The expected outcome is a list of strings representing the k most frequent words in the order described above.

Intuition

The intuition behind the solution is to employ data structures and sorting mechanisms that can efficiently handle the two-level sorting criteria described in the problem statement.

The solution uses the following steps to arrive at the desired result:

  1. Count the occurrences of each word using a data structure that maps words to their frequencies. Python's Counter class from the collections module is well-suited for this and helps us quickly determine the frequency of each word in words.
  2. Sort the words based on the two criteria using a custom sorting function:
    • First, by the frequency of each word in descending order so that the most frequent words come first.
    • Second, by the word itself in lexicographical order for words with the same frequency. The lexicographical order ensures that if two words have the same frequency, the word that comes first alphabetically will come first in the sorted list.
  3. To sort by multiple criteria, we can use a tuple where the first element is the negative frequency (to sort in descending order) and the second element is the word itself (to sort lexicographically as a tiebreaker).
  4. Finally, we slice the sorted list to only include the top k elements.

Using this approach, we can leverage the powerful built-in sorting available in Python, ensuring that both sorting criteria are met, and only k elements are returned as the final result.

Learn more about Trie, Sorting and Heap (Priority Queue) patterns.

Solution Approach

The implementation of the solution takes advantage of Python's libraries and language features to accomplish the task of finding the top k most frequent strings. Here's a step-by-step explanation of the methods used:

Step 1: Counting Frequencies

We first use the Counter class from Python's collections module, which is a specialized dictionary designed for counting hashable objects. It takes an iterable (in this case, the words list) and creates a Counter object that maps each unique word to its frequency count.

1cnt = Counter(words)

Step 2: Custom Sorting

Once we have the frequency counts, the next step is to sort the items based on our two criteria. Python's sorted function is utilized here, which allows for custom sorting logic through its key parameter. The key parameter accepts a function that returns a tuple containing the sorting criteria for each element in the iterable.

1sorted(cnt, key=lambda x: (-cnt[x], x))[:k]

In the lambda function:

  • x is each word from the Counter keys.
  • -cnt[x] is the frequency of the word, negated so that the list is sorted in descending order (since Python sorts in ascending order by default).
  • x is the word itself, which ensures that words with identical frequencies are sorted lexicographically.

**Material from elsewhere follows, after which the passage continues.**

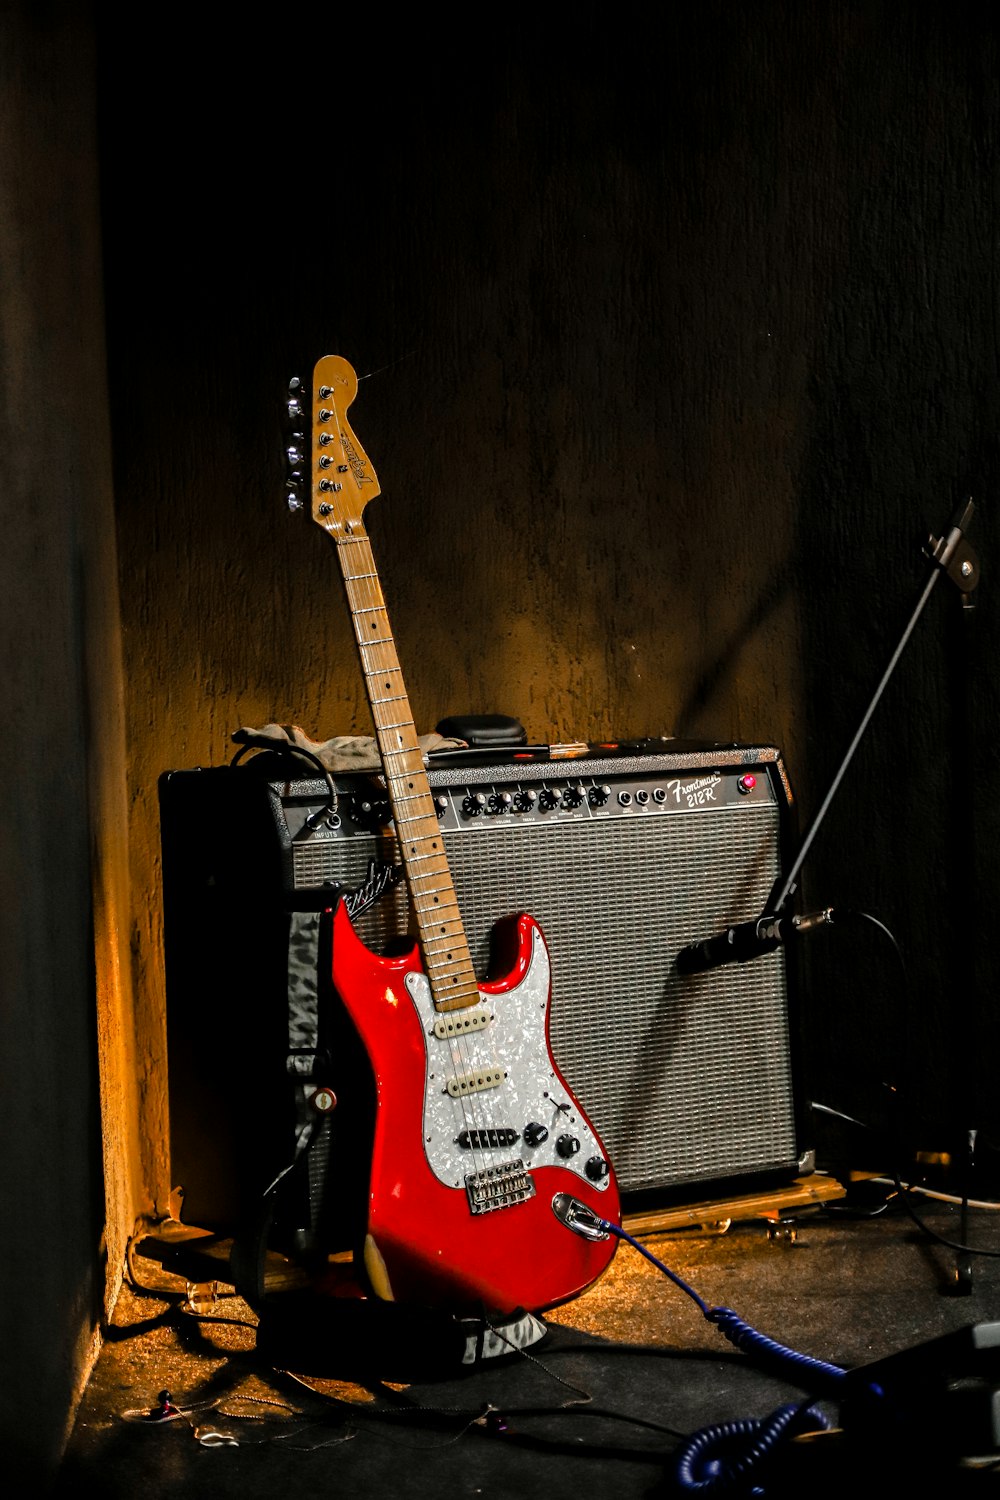 Guitarra eléctrica Stratocaster roja y blanca

The tuple (-cnt[x], x) ensures that the sorting happens first by frequency and then, as a tiebreaker, by lexicographical order.

Step 3: Slicing

Lastly, after sorting, we slice the list to only select the first k elements, as we're only interested in the top k most frequent words.

1[:k]

This represents the final step where the method only returns the first k sorted elements, effectively giving us the top k most frequent words in the required order.

Combining these steps, the solution applies well-known algorithms for counting (hash table via Counter) and sorting (with custom criteria via sorted) to efficiently resolve the problem at hand. The use of lambda expressions and list slicing demonstrates the expressive power of Python's syntax, allowing for concise and readable code.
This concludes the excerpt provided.